Основные компоненты могут быть визуализированы с помощью функции рассеяния.
figure scatter(x(1,:),x(2,:)); xlabel('First Principal Component'); ylabel('Second Principal Component'); title('Principal Component Scatter Plot');
Теперь основные компоненты можно кластеризировать с помощью алгоритма кластеризации SOM.
Функция selforgmap создает сеть самоорганизующихся карт, которая затем может быть обучена с функцией train.
Размер входа 0, потому что сеть еще не сконфигурирована, чтобы соответствовать нашим входным данным. Это произойдет, когда сеть будет обучена.
net = selforgmap([5 3]); view(net)
Сейчас сеть готова к обучению.
Neural Network Training Tool показывает обучаемую сеть и алгоритмы, используемые для ее обучения. В нем также отображается состояние обучения во время обучения, и критерии, которые остановили обучение, будут выделены зеленым цветом.

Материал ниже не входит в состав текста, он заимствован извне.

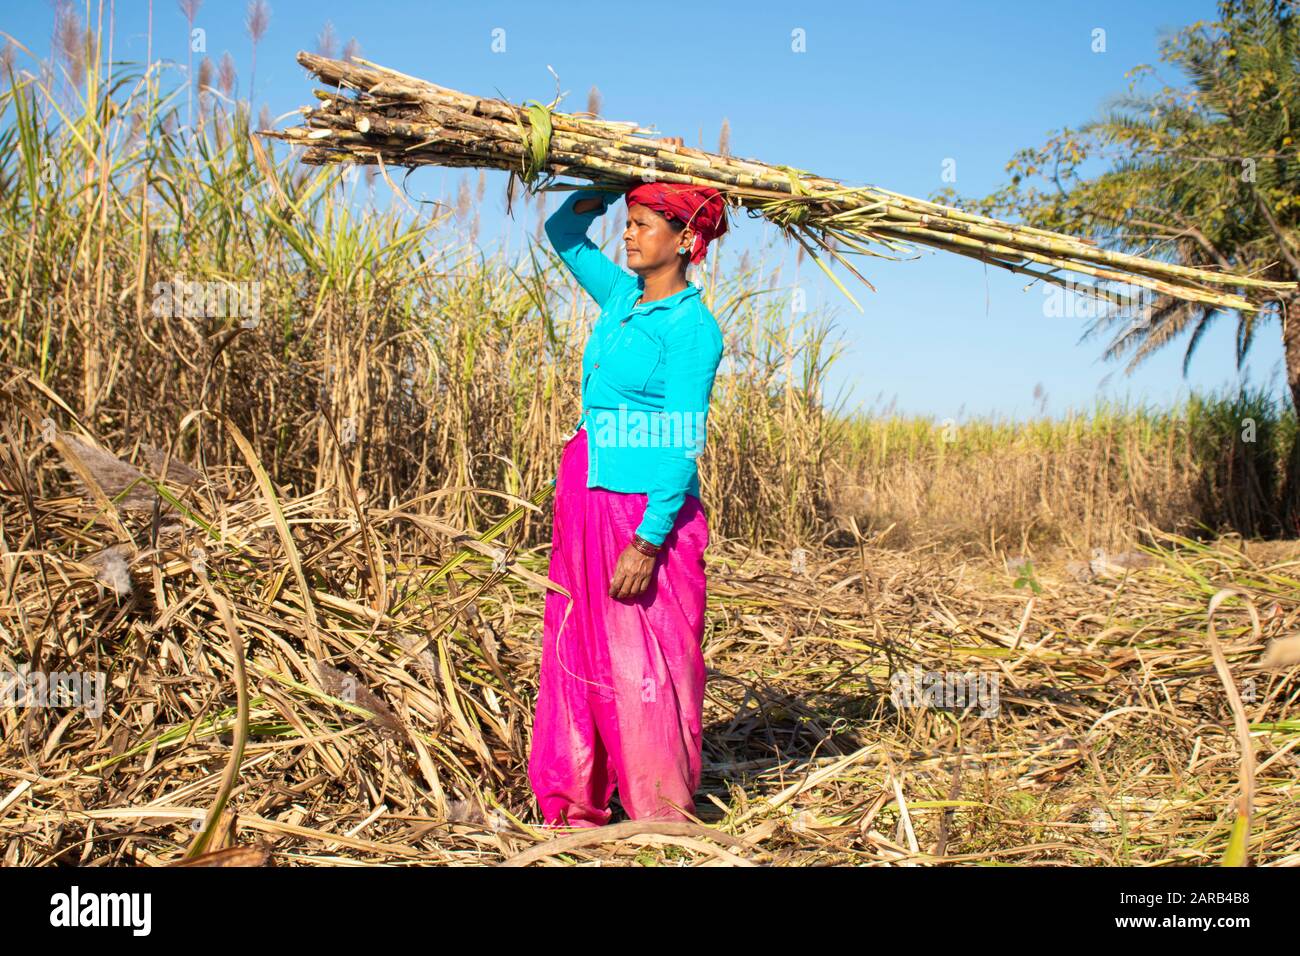 Diwara India Jan 11. 2020 : A rural woman with a sugarcane bundle on her head. Stock Photo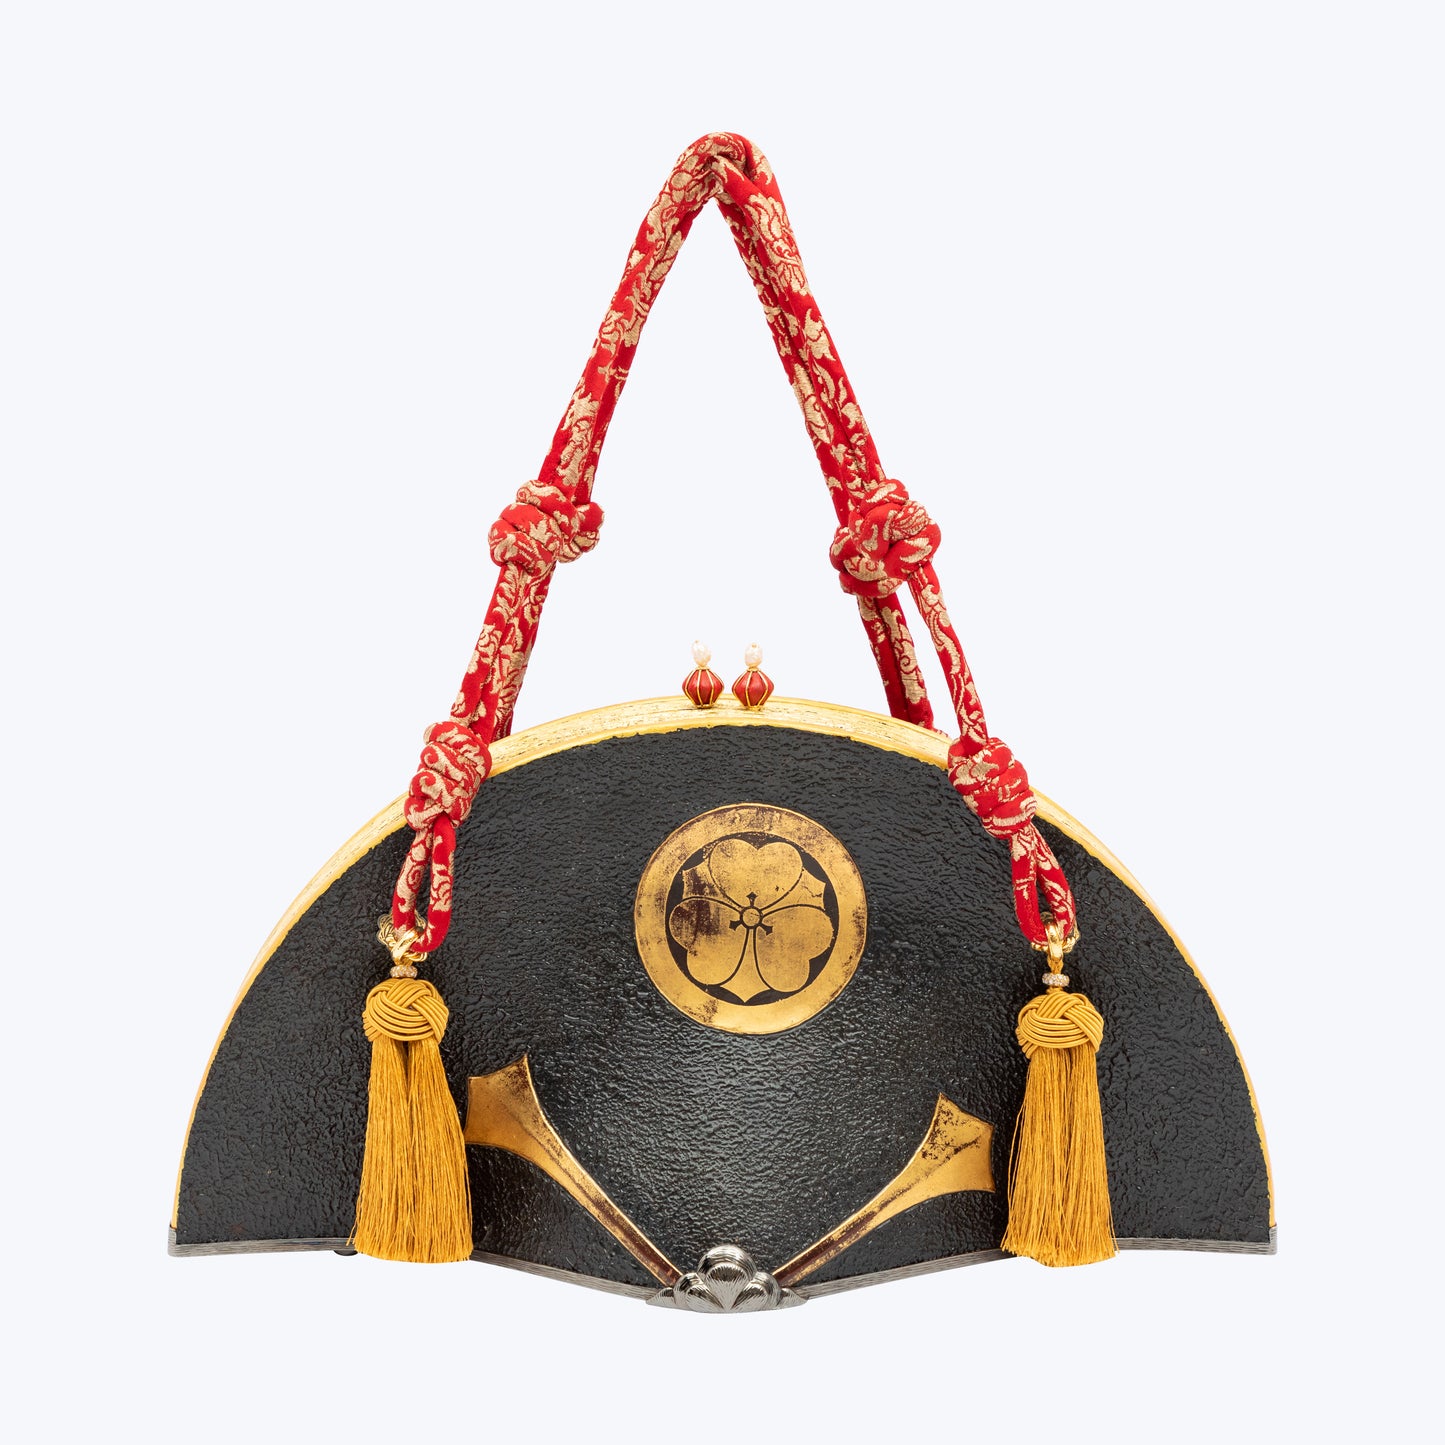 Japanese Samurai “Sakai Clan” Crested Hat Handbag

Кнопки внизу открывают полезные графики, которые можно открыть во время и после обучения. Ссылки рядом с именами алгоритмов и кнопками графика открывают документацию по этим темам.
net = train(net,x);
nntraintool
nntraintool('close')
Используйте plotsompos, чтобы отобразить сеть на графике поля точек первых двух размерностей данных.
figure plotsompos(net,x);
Можно назначить кластеры с помощью SOM, найдя ближайший узел для каждой точки в наборе данных.
y = net(x); cluster_indices = vec2ind(y);
Используйте plotsomhits, чтобы увидеть, сколько векторов назначено каждому из нейронов на карте.
figure plotsomhits(net,x);
Можно также использовать другие алгоритмы кластеризации, такие как Иерархическая кластеризация и K-средних значений, доступные в Statistics and Machine Learning Toolbox™ для кластерного анализа.
ORF - Открытая система координат считывания (ORF) является фрагментом последовательности гена, которая содержит последовательность основ, непрерывно прерываемых стоповыми последовательностями, которые потенциально могут кодировать белок.